_Problem to work on_
Return the lines that run from the beginning of the entries to the line holding "Messi vs Ronaldo", inclusive, and drop the pictures.

Collected data:

▬▬▬

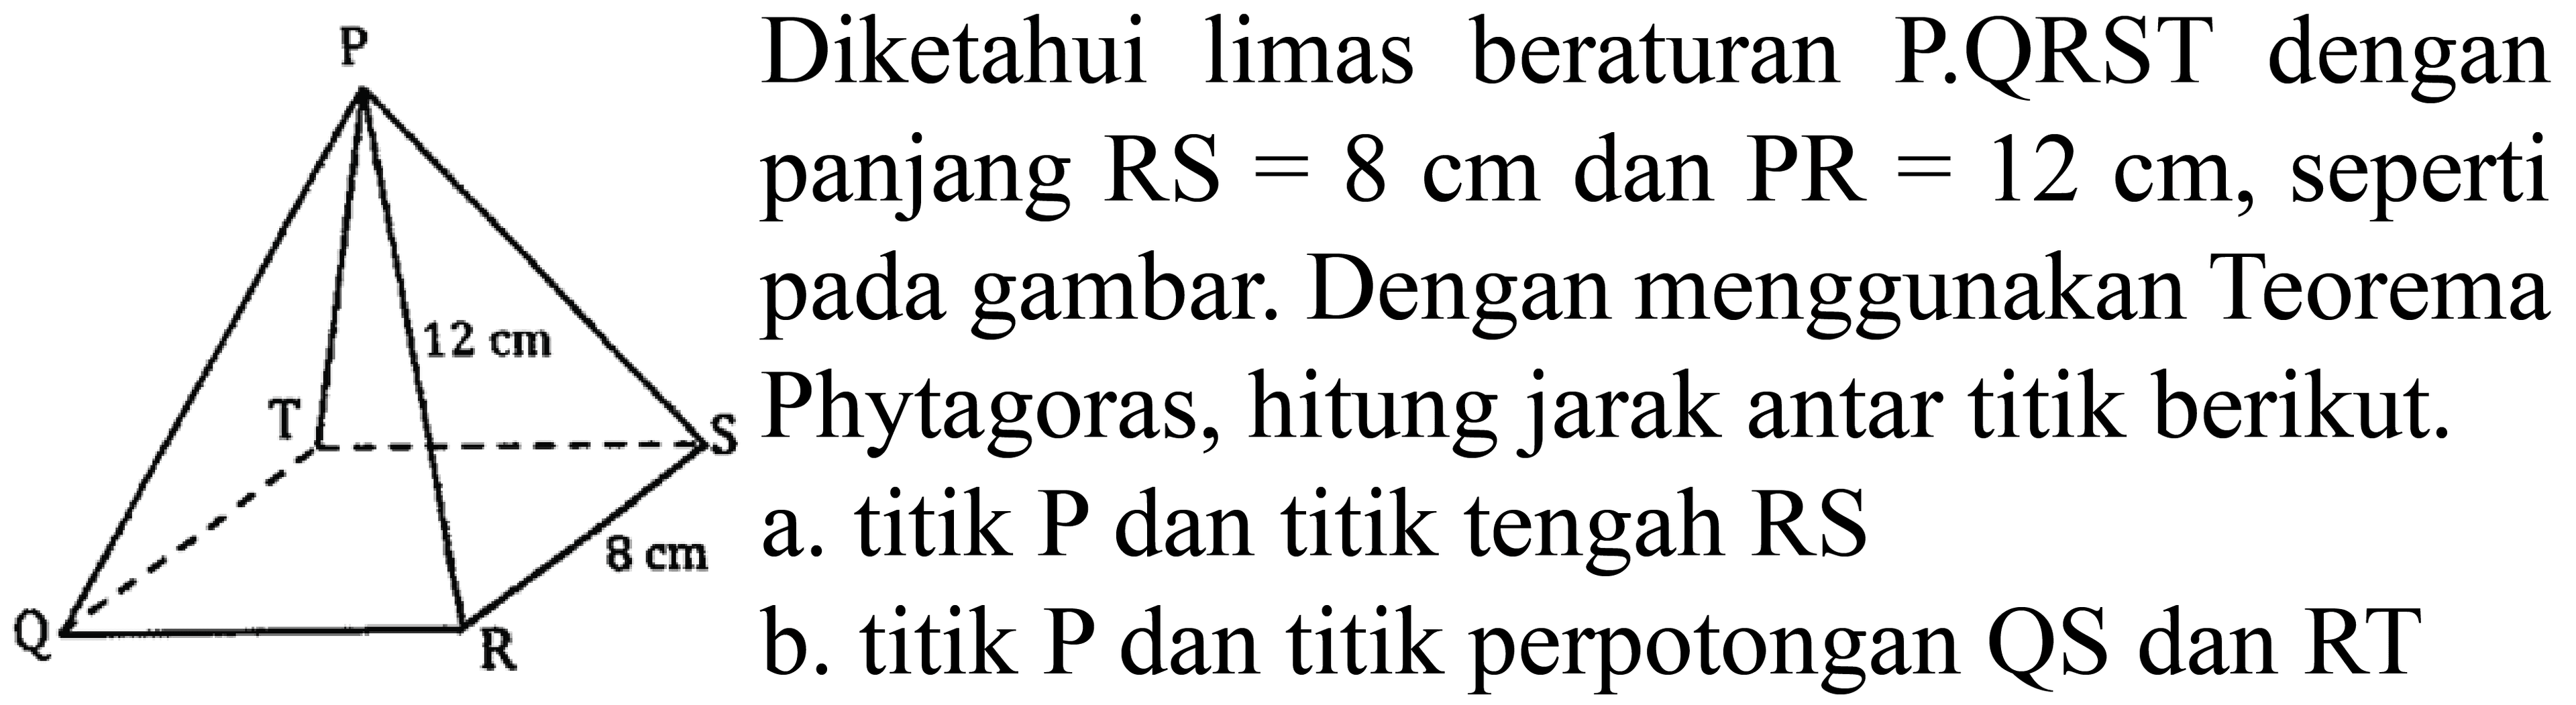 P 12 cm T S 8 cm Q R 
Diketahui limas beraturan P.QRST dengan panjang RS=8 cm dan PR=12 cm, seperti pada gambar. Dengan menggunakan Teorema Phytagoras, hitung jarak antar titik berikut. a. titik P dan titik tengah RS b. titik P dan titik perpotongan QS dan RT 
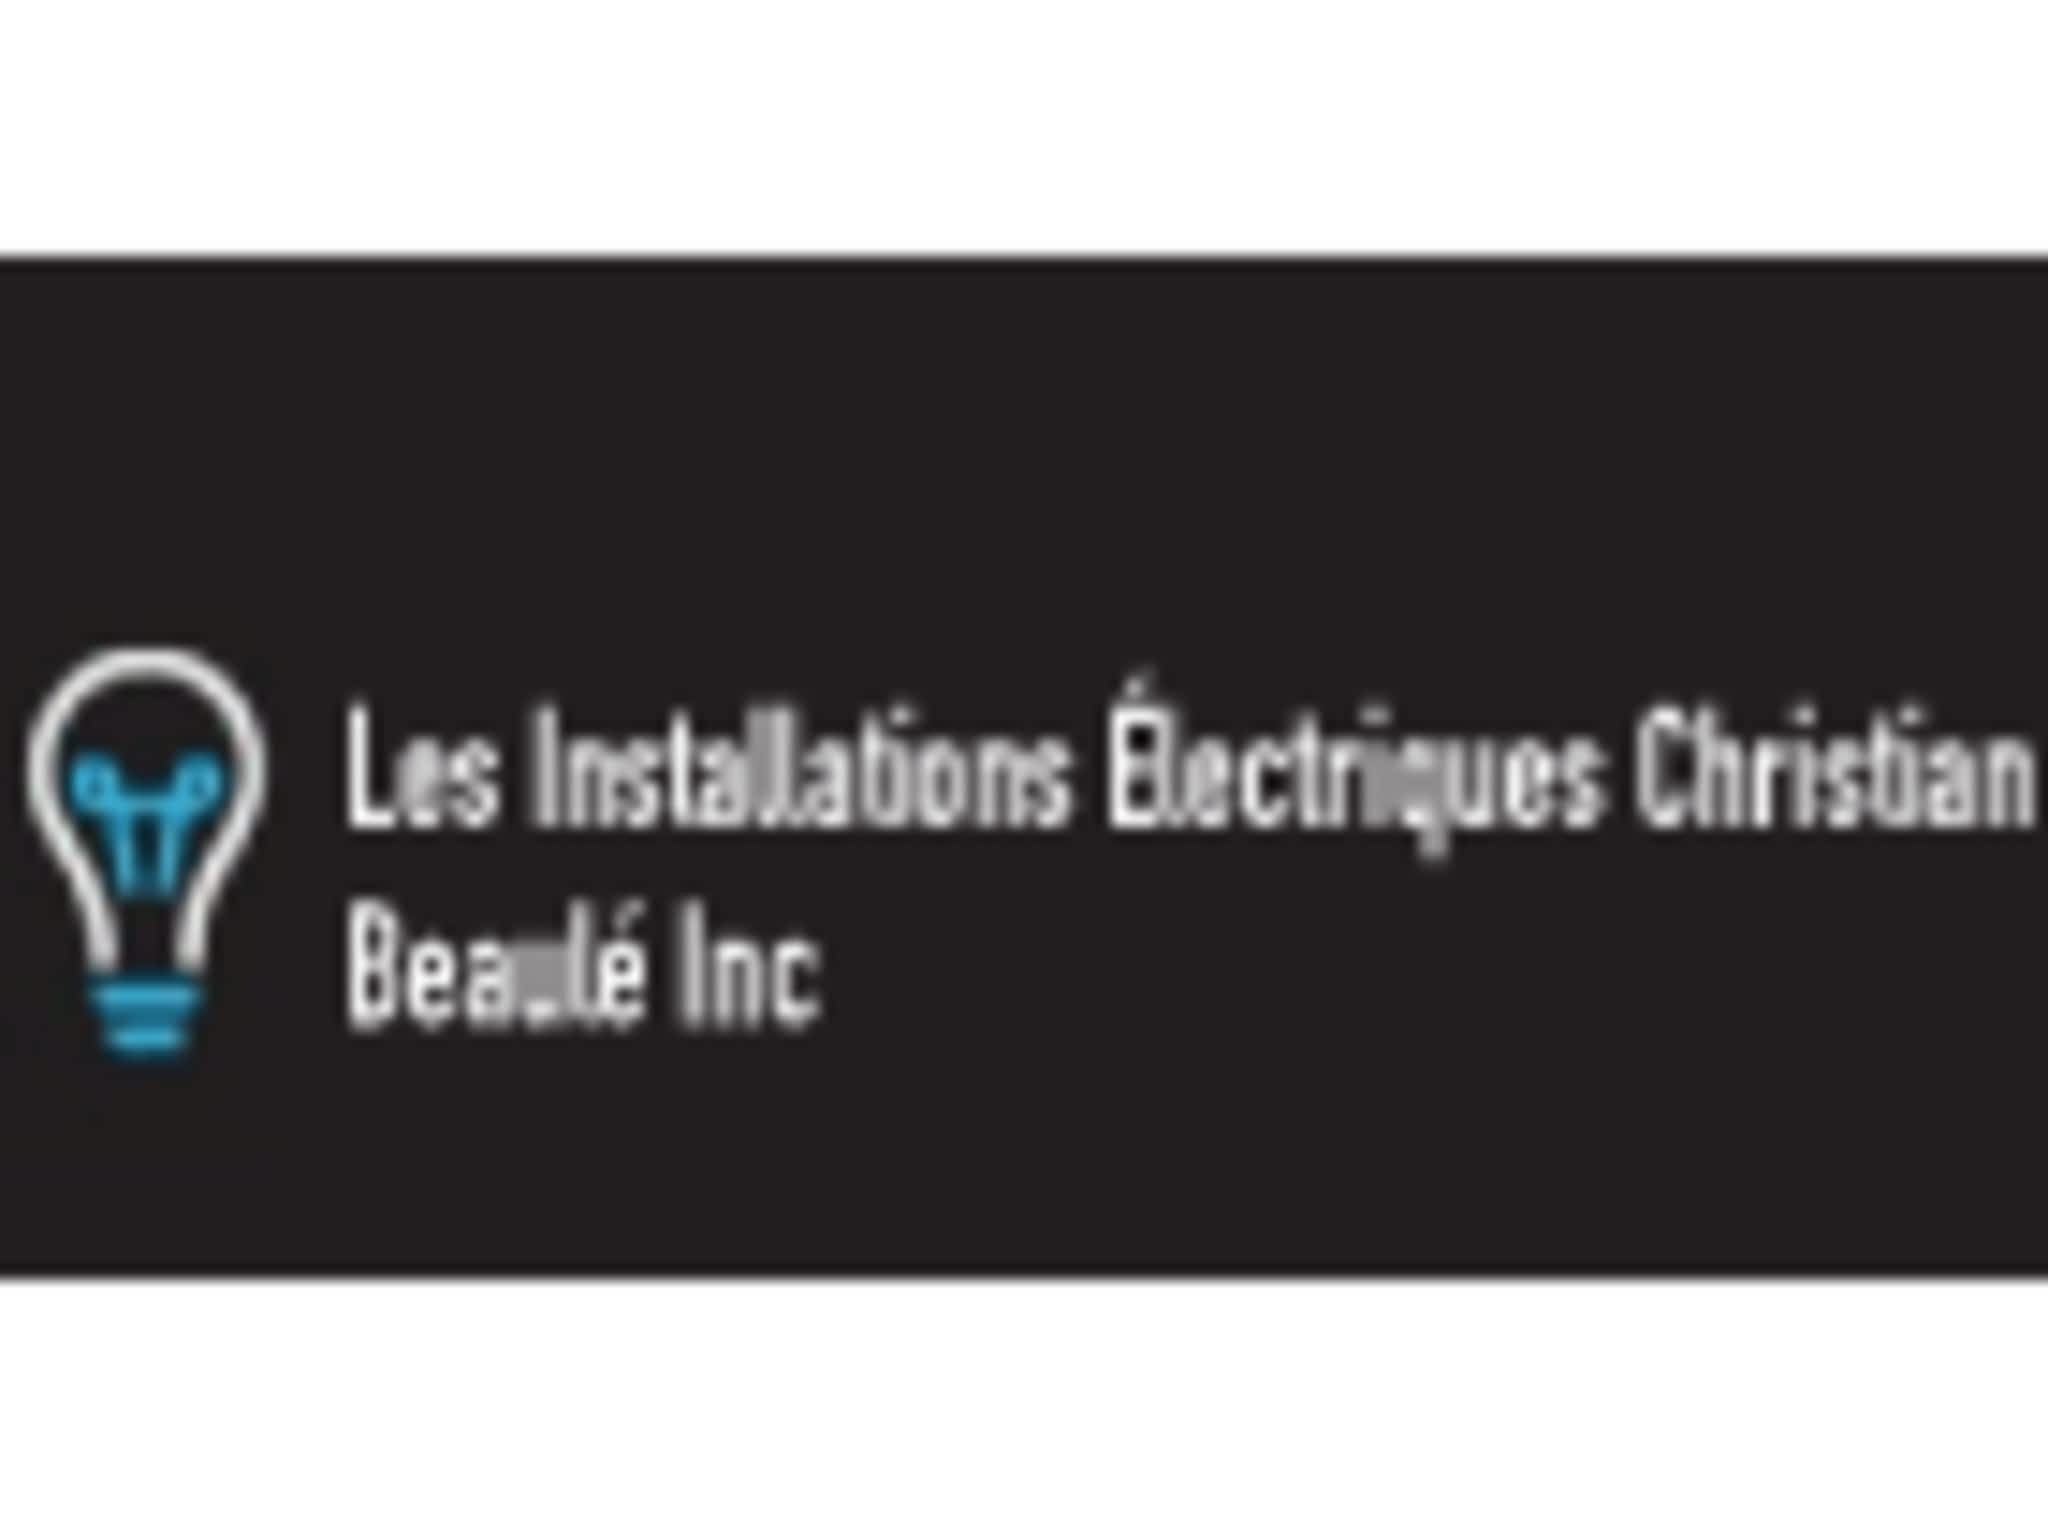 photo Les Installations Électriques Christian Beaulé Inc
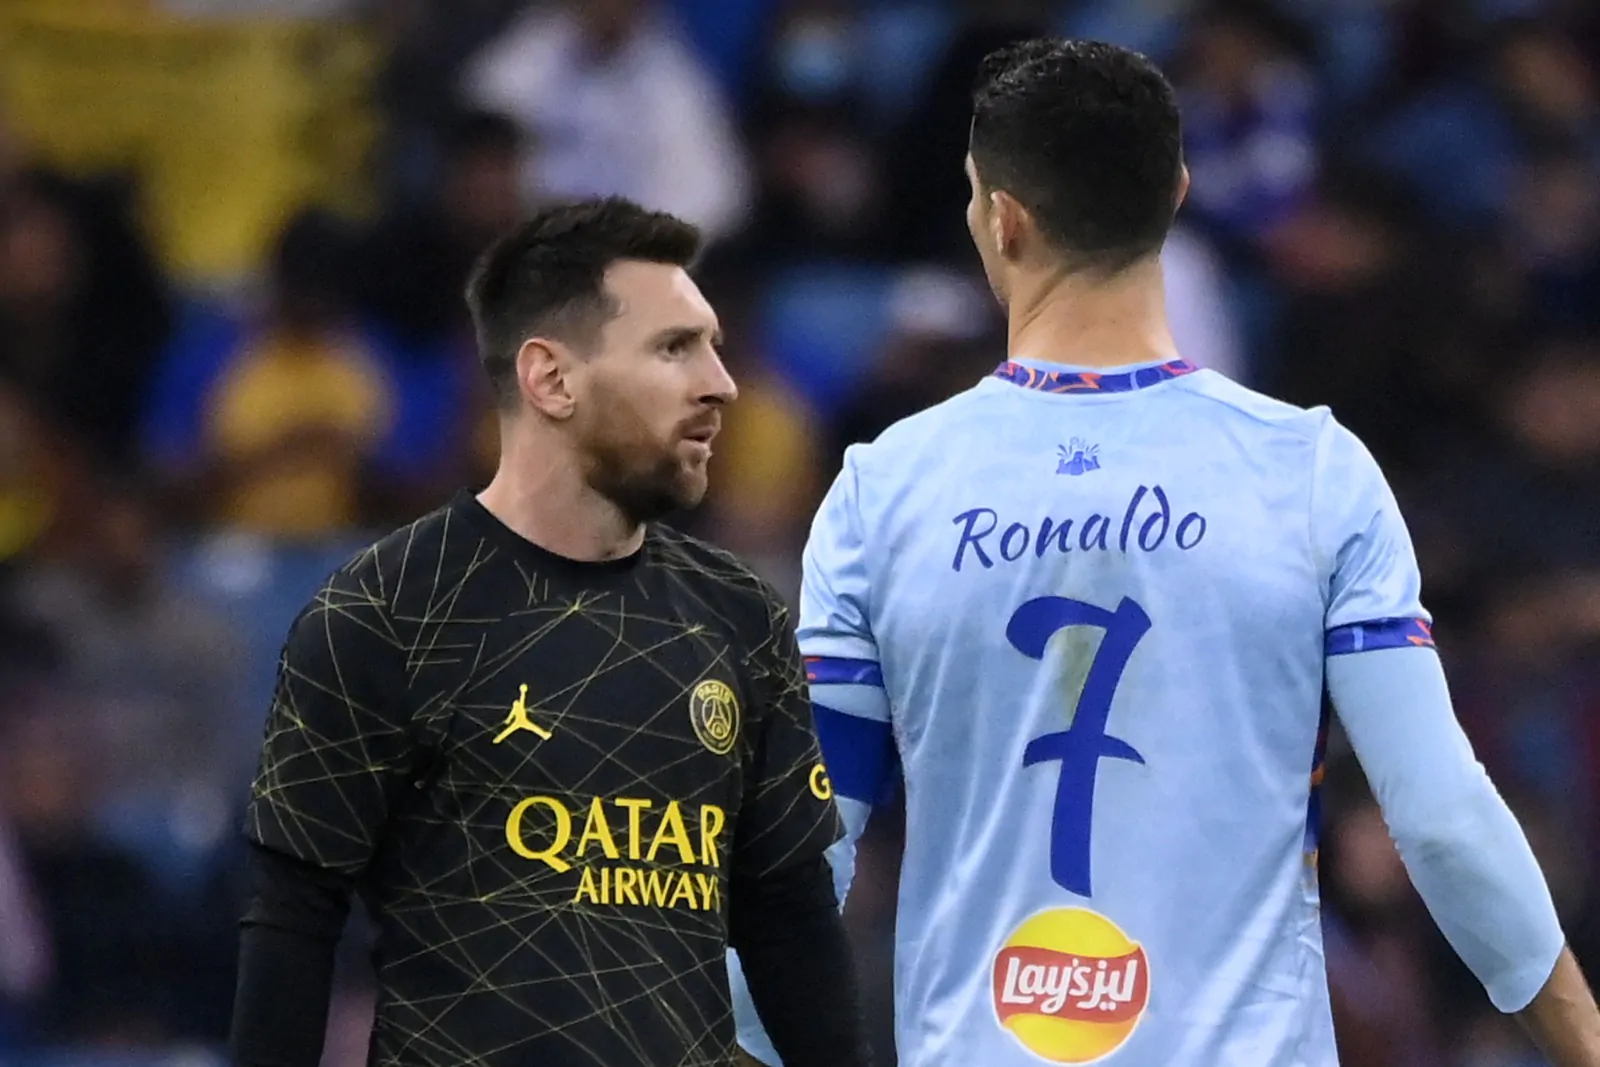 Messi vs Ronaldo in Arabia? Spunta l’offerta folle per averlo subito!
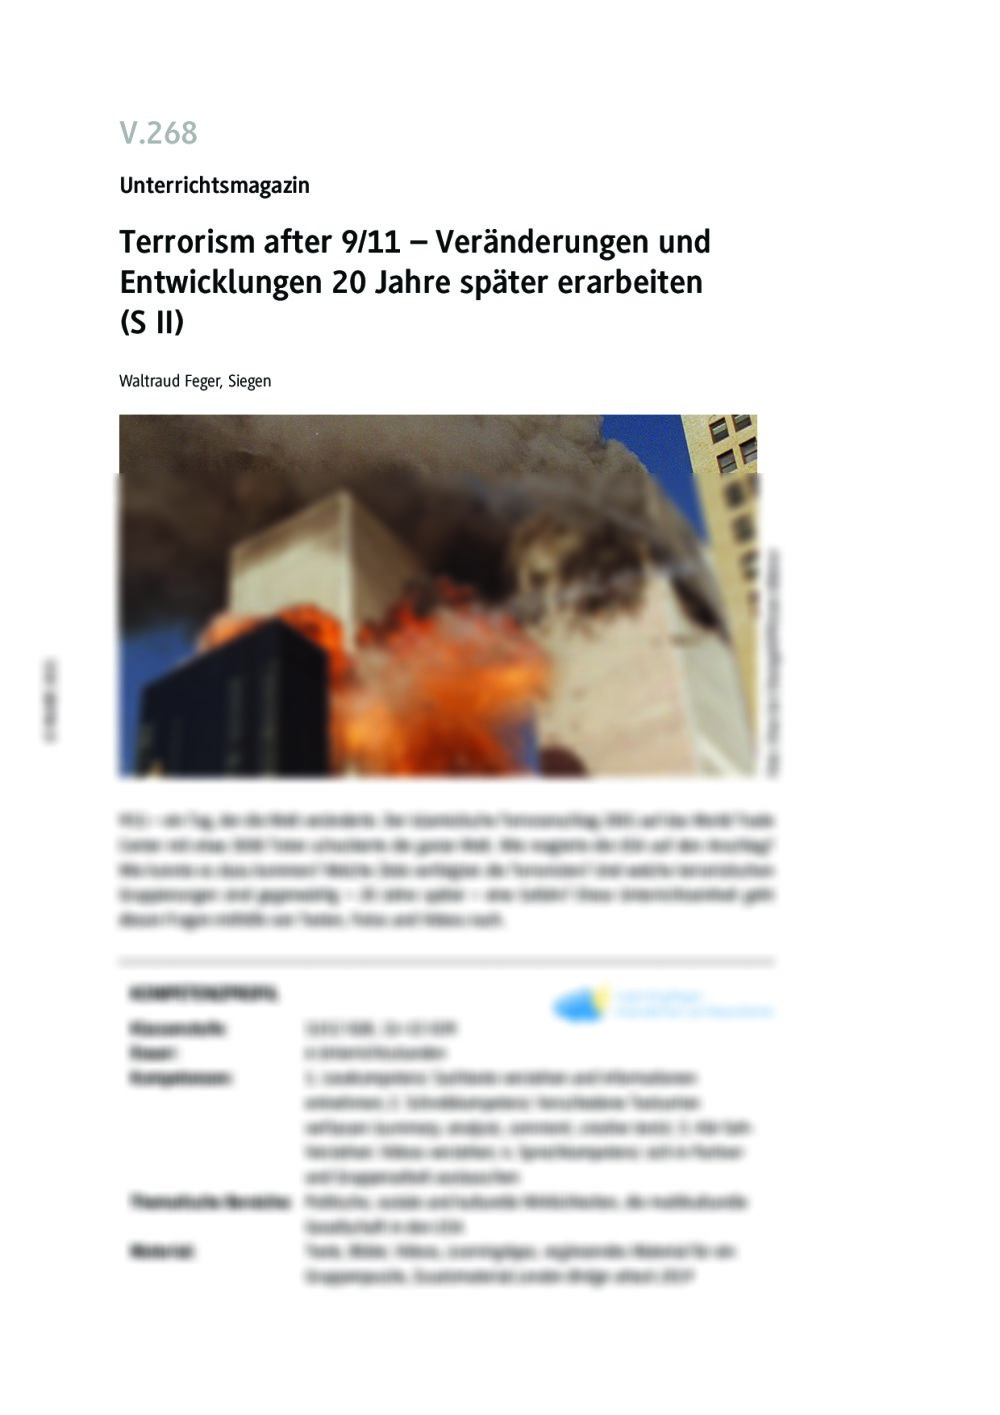 Terrorism after 9/11 - Seite 1

▬▬▬

_Response_
 P 12 cm T S 8 cm Q R 
Diketahui limas beraturan P.QRST dengan panjang RS=8 cm dan PR=12 cm, seperti pada gambar. Dengan menggunakan Teorema Phytagoras, hitung jarak antar titik berikut. a. titik P dan titik tengah RS b. titik P dan titik perpotongan QS dan RT 
 photo Les Installations Électriques Christian Beaulé Inc
 Messi vs Ronaldo in Arabia? Spunta l’offerta folle per averlo subito!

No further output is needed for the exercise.